One chance, Eimear had said. They had one chance to survive this, and that chance started here. With her.
But the battle was already underway. Vairik was already tearing across the land, stealing the lives of the very people she was meant to protect.
And she’d done absolutely nothing to help them.
She should be on the battlefield. She should be standing by Rion’s and Talon’s side, fighting against the darkness no matter how grim.
One chance.
A sacrifice.
Was she meant to be that sacrifice? Was it meant to be done here? In this pool of water?
Arianna looked down at her hands. The water had already wrinkled her skin. Divine or not, she was just one person. How was she supposed to make a difference in anything when she didn’t know where to start? She’d gladly give her life, if that was the price to pay. But where was she supposed to pay it?
Arianna’s hands began to tremble again. Her heart ached with an emptiness she could never put into words. It was as ifher soul had been carved right out of her chest, leaving a gaping wound no one could fill.
Hopelessness. This was exactly what hopelessness felt like.
She was about to lose everything. She didn’t even have the memories to tell her exactly what that meant.
Maybe that’s what hurt the most.
Would she regain her memories once death claimed her? Would she walk through the gates of the afterlife and greet her old friends the way she used to know them? Would Rion even be there?
A sob tore through her body, nearly making her double over. She wrapped her arms around her middle, clutching it tightly. She was fracturing, her body coming apart at the seams. She was glass under too much pressure. Cloth being pulled too tight. Pieces splintered off, dripping into the cool liquid. Tears, those pieces were her tears, consumed by the world as if they meant nothing.

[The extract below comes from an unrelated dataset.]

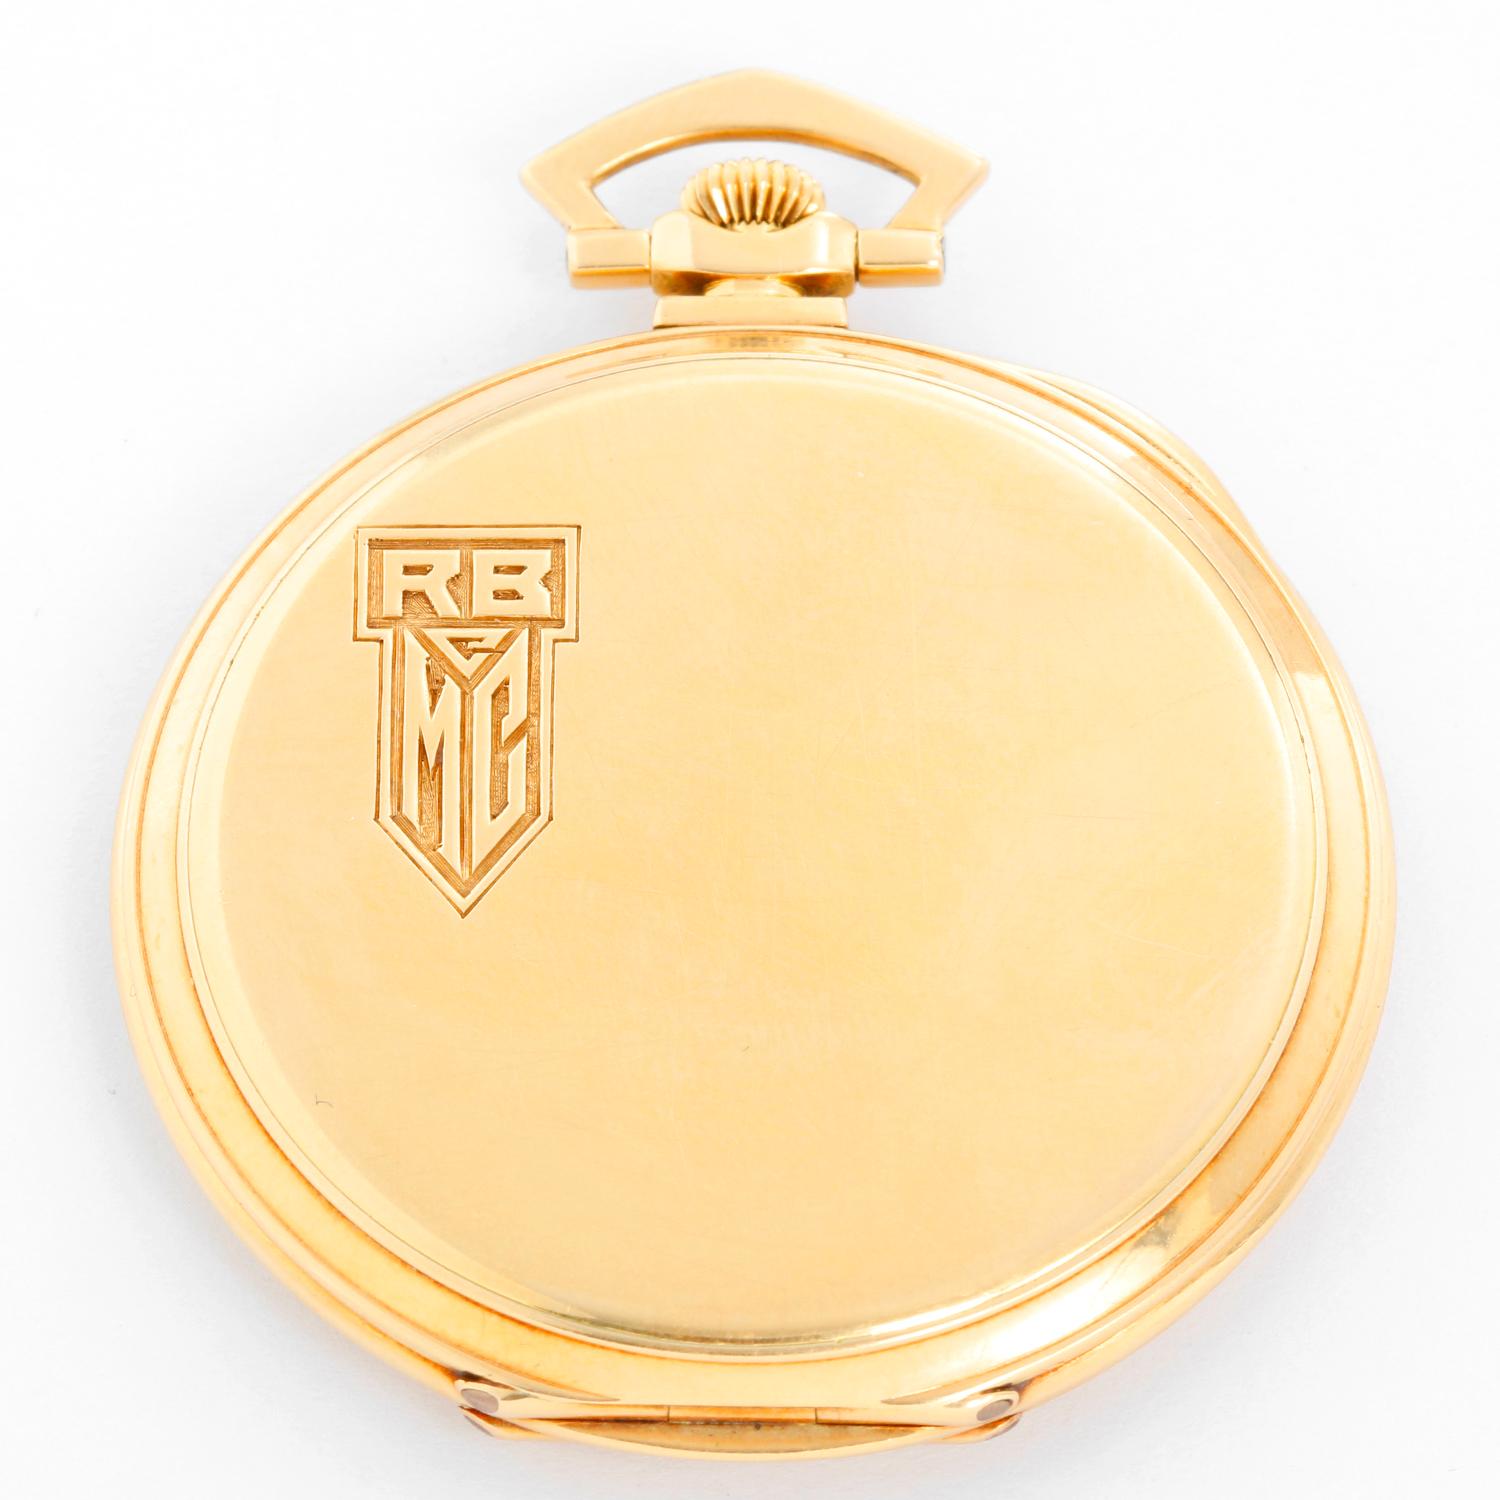 Patek Philippe & Co. 18K Gold Art Deco Open Face Pocket Watch - Manual movement. 18K Yellow Gold case ( 44 mm ) Inside case back engraving

Arianna struggled for breath, still holding her center like her life depended on it. Her body kept shuddering, spilling out against her will.
Gone.
Everything she’d ever loved was about to be gone.
And there was nothing—
Another sob.
Nothing—
Why did it have to end like this? Why wasn’t anything they’d done enough? How could evil triumph in a world they’d fought so hard to protect?
A feather-light touch against Arianna’s arm had her startling, glancing down to find a pair of beady eyes staring up at her. She blinked through blurry vision, focusing on the tiny creature with a large lotus flower blooming from its head.
It looked hopeless, too. A mirror to her pain. She thought she saw tiny track marks down its cheeks, as if it too had been crying for a world they could no longer defend.
A few more floated closer. Arianna looked up to find dozens, no, hundreds in the trees, all staring straight at her as if she held the answer to saving their dying world. They didn’t sing. They didn’t play their musical instruments. They were just … still. So utterly still, as if echoing the gaping wound burning in her chest.
Another laid its spindly fingers against her skin. Then another. Perhaps they were trying to offer her comfort. She couldn’t even muster a half-hearted smile.
“What do we do?” she asked, voice breaking. When the world fell, Vairik’s darkness would consume them, too, taking every last one with his shadows and fire. Not even The Guardians would be strong enough to protect the sacred beings.
The Fairy Folk continued to stare, watching her as if they were the ones who’d asked the question instead. She didn’t know how to answer. She didn’t even know why she was here.
Foolish.
She was a fool.
Her entire life had been nothing but mysterious prophecies. Maybe those were all lies, too. Nothing more than a fabrication. Everything had been tainted by Vairik.